I told myself that I knew what I was getting into when I began lampooning. There's always a backlash when you don't take people as seriously as they take themselves. I didn't mind. Annoying them is at least half the point.
So it made sense when I spun up highly corseted and fuss-budget Mormons by observing that some are so dogmatic they wouldn't lick their own lips on Fast Sunday, or that the singing in priesthood meeting sounds like oxen held at gunpoint.
The job is easy because not only am I completely familiar with my people, but there's also so much material. I've never struggled with writer's block longer than next Sunday.
In 20 years I've received countless emails, phone calls and letters from perturbed Mormons who can't understand why another Mormon doesn't see things exactly the same way they do.
Among my favorite of these responses is a letter addressed "To a Liar."
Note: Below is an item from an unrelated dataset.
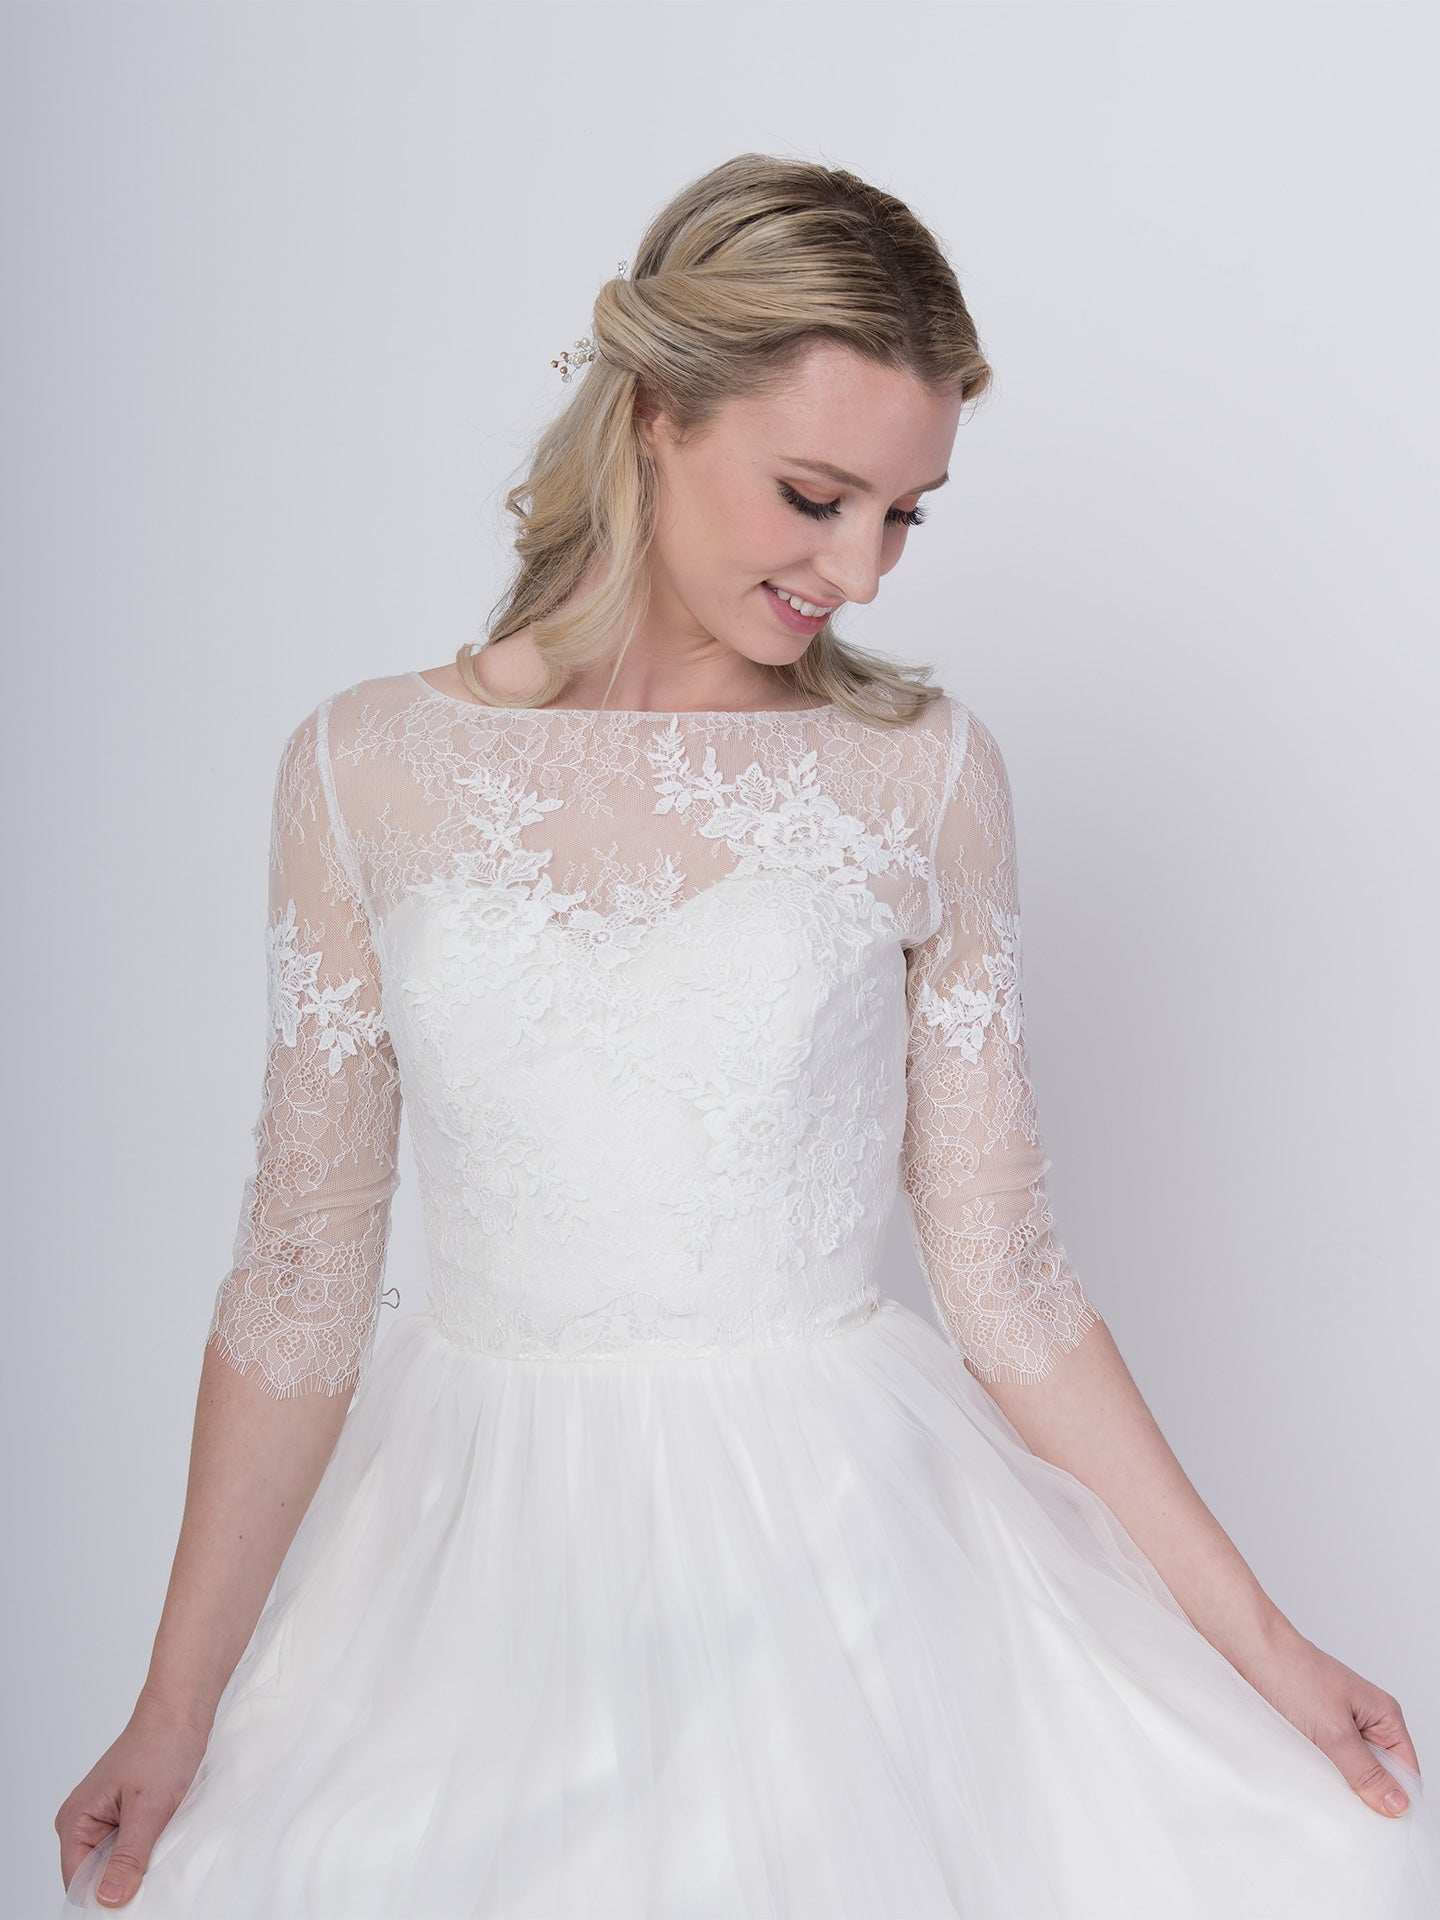 Lace wedding dress topper elbow length sleeve WJ053

"I can find no reason why you have not been excommunicated unless it's because the Brethren do not know who you are. No one could write the things you do unless it was under a pen name."
It also made sense that I would hear from Mormons like me, Mormons with a left-handed take on things, fellow Mormons who needed a little push-back breathing room in what can be a smothering culture.
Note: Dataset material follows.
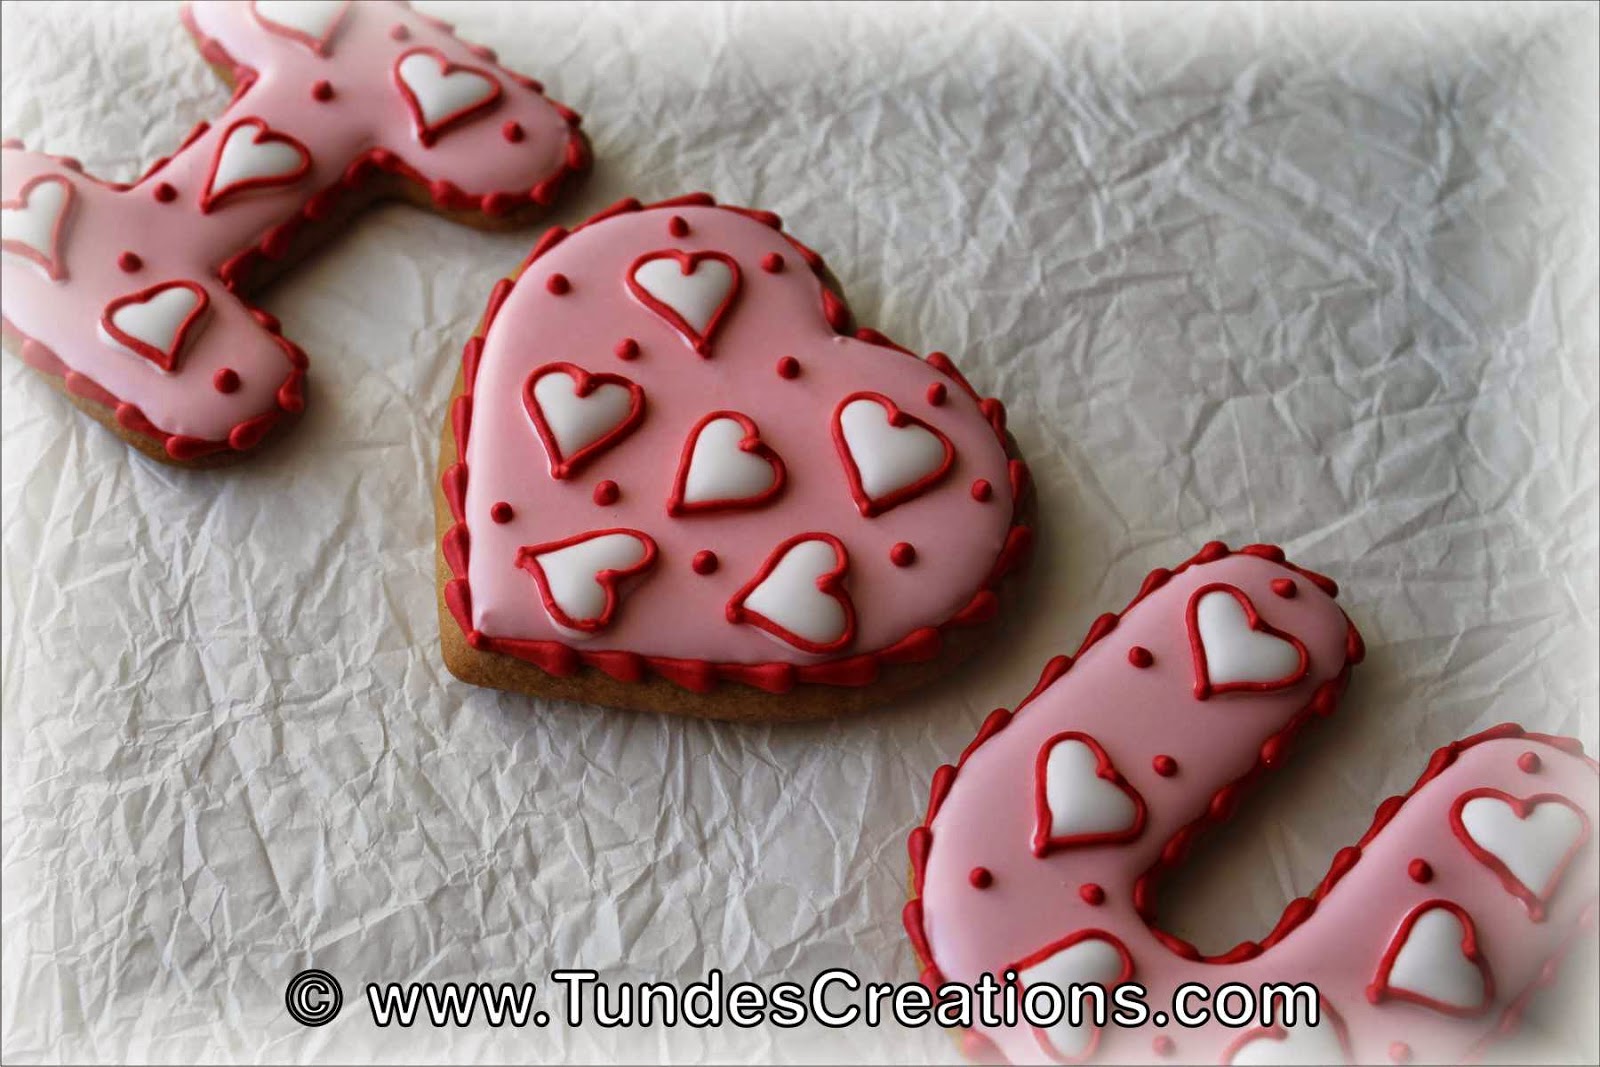 I heart U cookies

Speaking of which, I also fully anticipated hearing from non-Mormons suffering from LDS culture shock. Having moved to Utah after a lifetime in the military, I know Utah can be a serious culture shock even for Mormons.
But having lived in some truly awful places, I also understand that if you have to be stuck somewhere, you might as well find a way to laugh about it. Wailing almost never makes it better.
Here's the stuff I didn't expect.
Given Utah's reputation for uptight Mormons, I thought the angriest and most outraged feedback would come from Mormons in Utah. Nope. The "To a Liar" letter came from Seattle.
Turns out the Mormons easiest to spin up live in places such as Washington, Virginia, California, Idaho and Canada.
They bear angry witness against my Excommunication for the Dead program, the Three Degrees of Damnation and whether Families are Forever is more of a threat than a promise.
But who knew that the easiest way to outrage the self-important and uptight was to just say something nice.
Last week's column about being comfortable in my church generated an ass-biting dog fight that is still going on.
I'm still getting email from ex-Mormons and anti-Mormons who find that claim completely despicable.
In fact, the offended ex-Mormons have hollered so loud that some ex-Mormons and even non-Mormons have weighed in on who might really need a little "get over yourself" lampooning.